FAST workshop participants reported significant increases in their confidence in each aspect surveyed. Participants rated their confidence in using the FAST exam on a trauma patient with an average score of 3.3 pre-training and 4.5 post-training on the 5-point Likert scale (p = 0.007). When asked about their comfort level in making clinical decisions based on the FAST scan, pre-training average score was 3.5 and post-training was 4.5 (p = 0.016).
Participants also answered questions about their comfort with the technical aspects of using the ultrasound machine: ability to choose the correct probe (pre: 3.9, post: 4.6, p = 0.011), choosing the correct probe orientation (pre: 3.9, post: 4.6, p = 0.008), and adjusting the depth and gain (pre: 3.1, post: 4.4, p = 0.001).
Finally, participants rated their comfort with the specific views of the FAST scan: ability to find the correct subcostal view (pre: 3.3, post: 4.9, p < 0.001), right upper quadrant view (pre: 3.2, post: 4.6, p < 0.001), left upper quadrant view (pre: 3.2, post: 4.4, p = 0.001), and the pelvic view (pre: 3.2, post: 4.5, p < 0.001) (Table 2).
Table 2
Table 2
Participant pre- and post-training evaluation of FAST confidence and skill
This study has several limitations. Only 13 of the participants completed the survey. Those who felt more confident in their skill may have been more willing to complete the survey. As such, however, the survey does provide a sense of the response among the majority of the workshop participants.
Another limitation of the study was the lack of objective measure of participants’ ability to perform the FAST scan. It is not clear what technical ability or accuracy corresponds with a confidence level of 3 or how this differs from a confidence level of 4. Furthermore, it is unclear if this represents a clinically significant improvement. Objective technical skill data were difficult to obtain because of time constraints with the vast amount of information being taught during the short 2-day course. However, it has been shown in a previous study that operator confidence does in fact correlate with more accurate ultrasounds [4].

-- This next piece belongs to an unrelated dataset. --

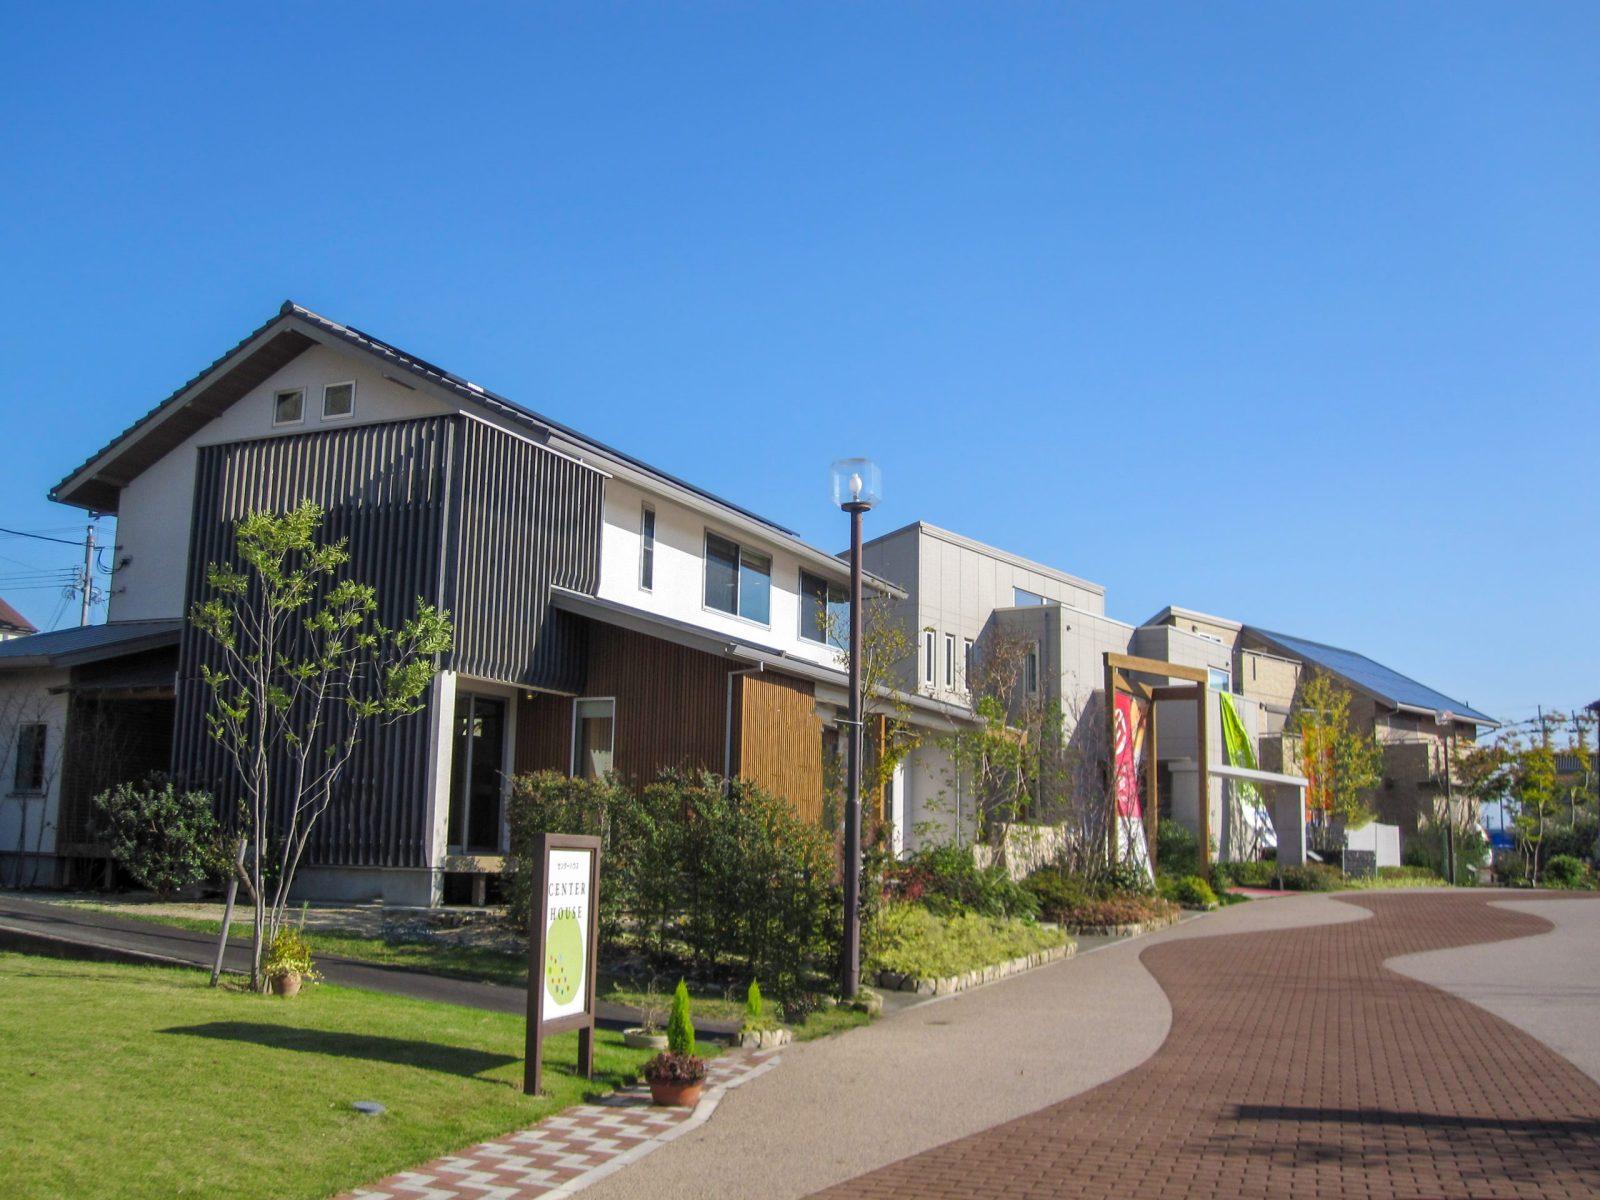 住宅展示場に行かずに、関西で家づくりが完結した理由。

The study also was performed at one site over a short 2-day course with no long-term data on provider skill and confidence available at this time. However, it has been objectively shown that novice ultrasonographers can learn the FAST scan during a short 2-day trauma course [8]. Also, it has been demonstrated that in a developing country (Rwanda in 2008) after ultrasound instructors leave, providers who were taught the new modality continue to use the new skill with great frequency and accuracy [10].

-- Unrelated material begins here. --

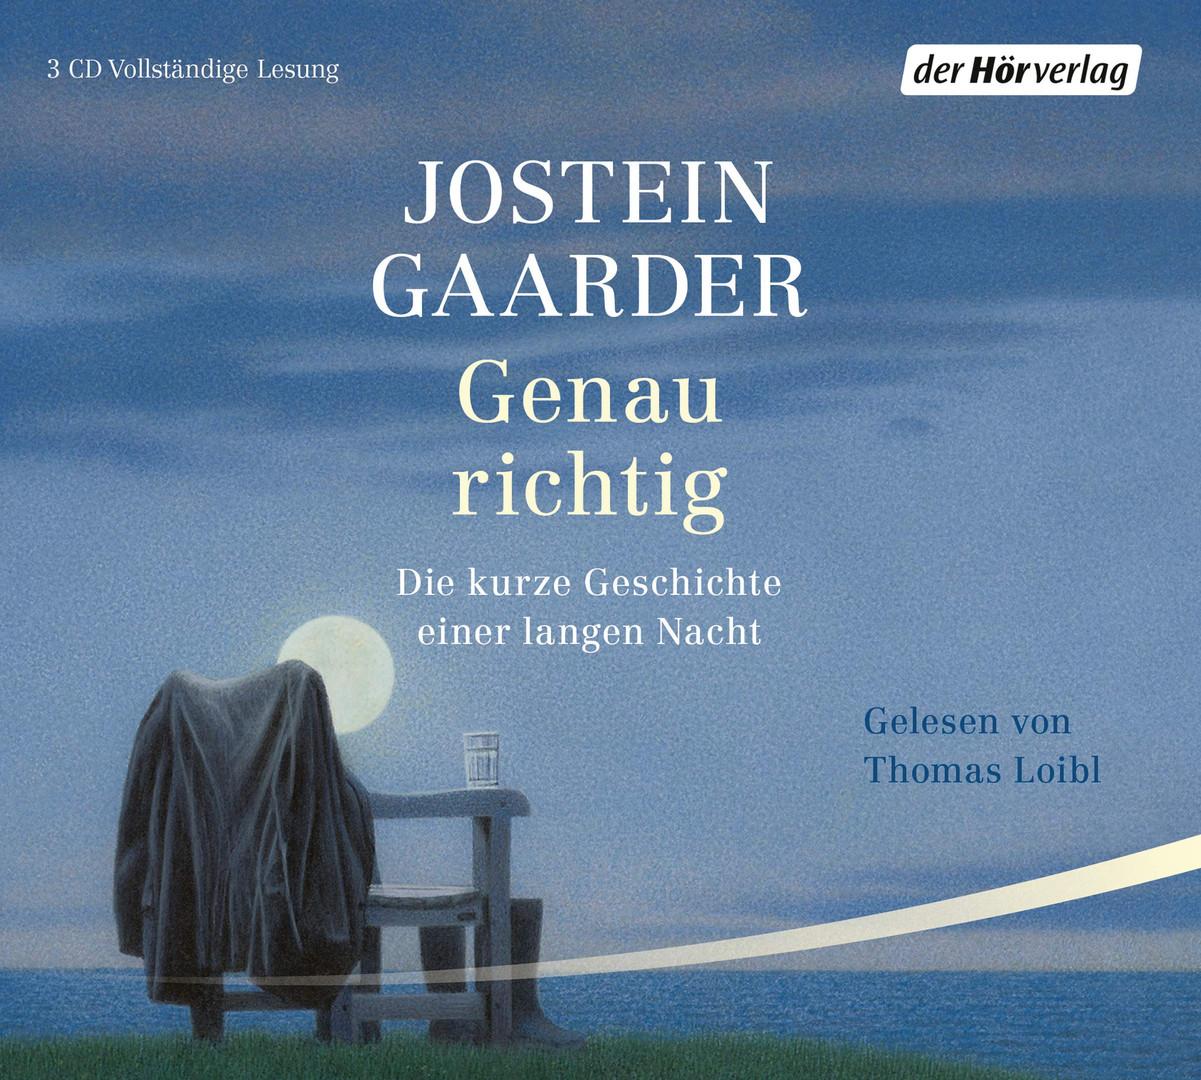 Jostein Gaarder - Genau richtig: Die kurze Geschichte einer langen Nacht

The FAST scan is an important part of a trauma evaluation with the ability to affect patient care and decision-making. This importance and impact is greatly amplified in a setting where resources are limited and no CT scanner is available.

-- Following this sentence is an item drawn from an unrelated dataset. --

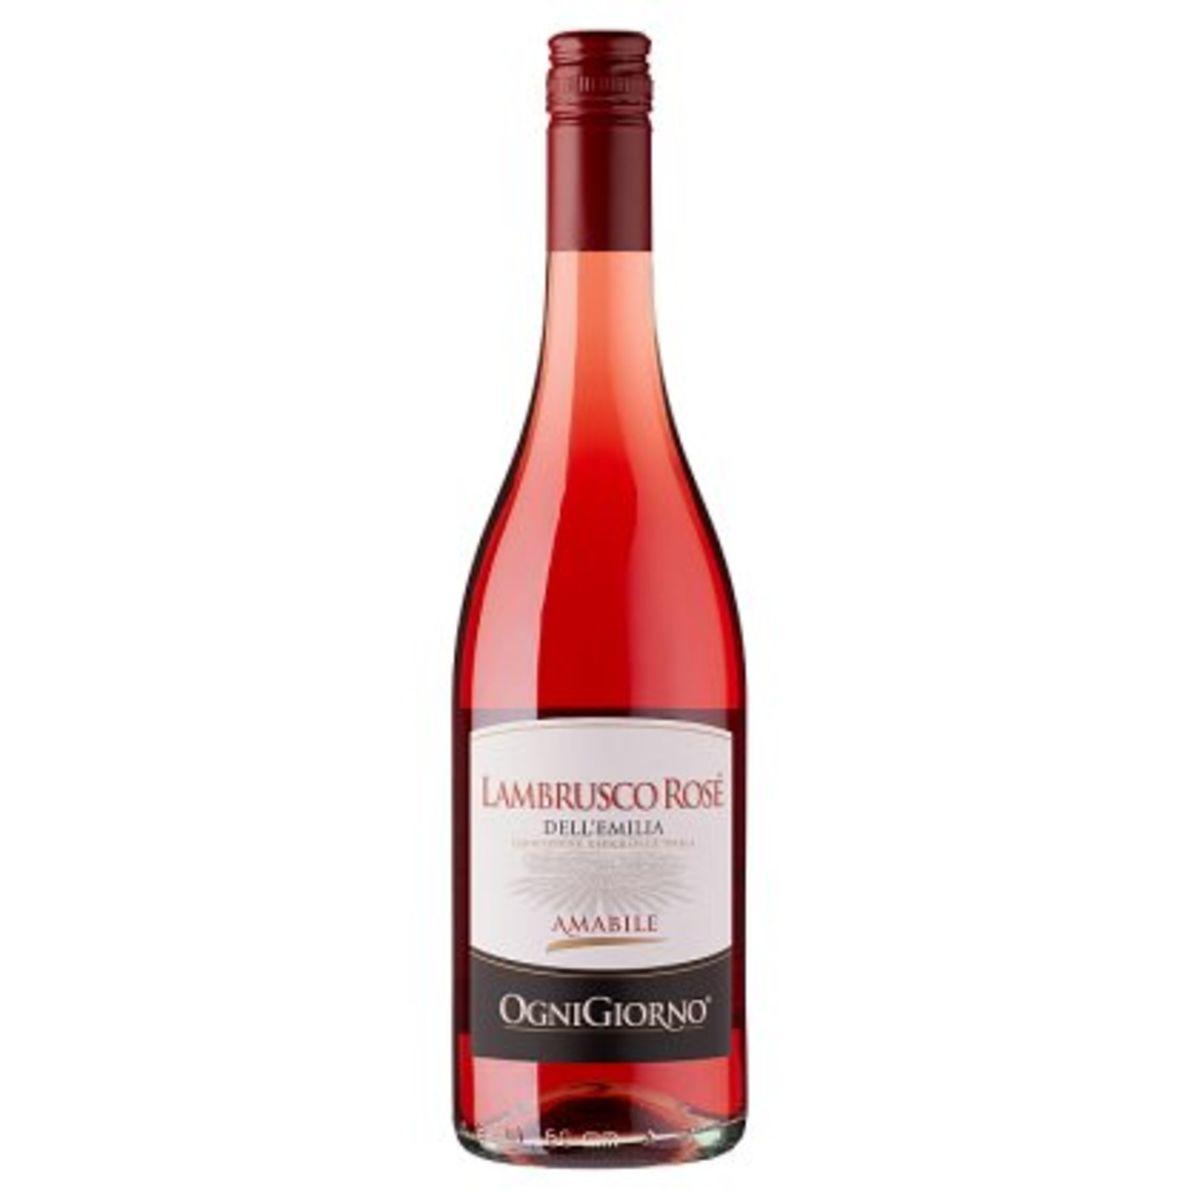 Ognigiorno Lambrusco Rosé dell'Emilia Amabile 750 ml

An important precursor to using the FAST scan correctly is having hands-on training and developing the confidence to use it and make decisions in a clinical setting. We have demonstrated with our FAST workshop and confidence surveys that trauma providers in a developing country reported increased confidence in FAST scanning with a brief educational intervention.
More research including skill retention, more participants, translation into practice, and objective measures of skill is needed. However, this study may provide guidance to practitioners in performing educational interventions to improve trauma ultrasound in developing countries with limited resources.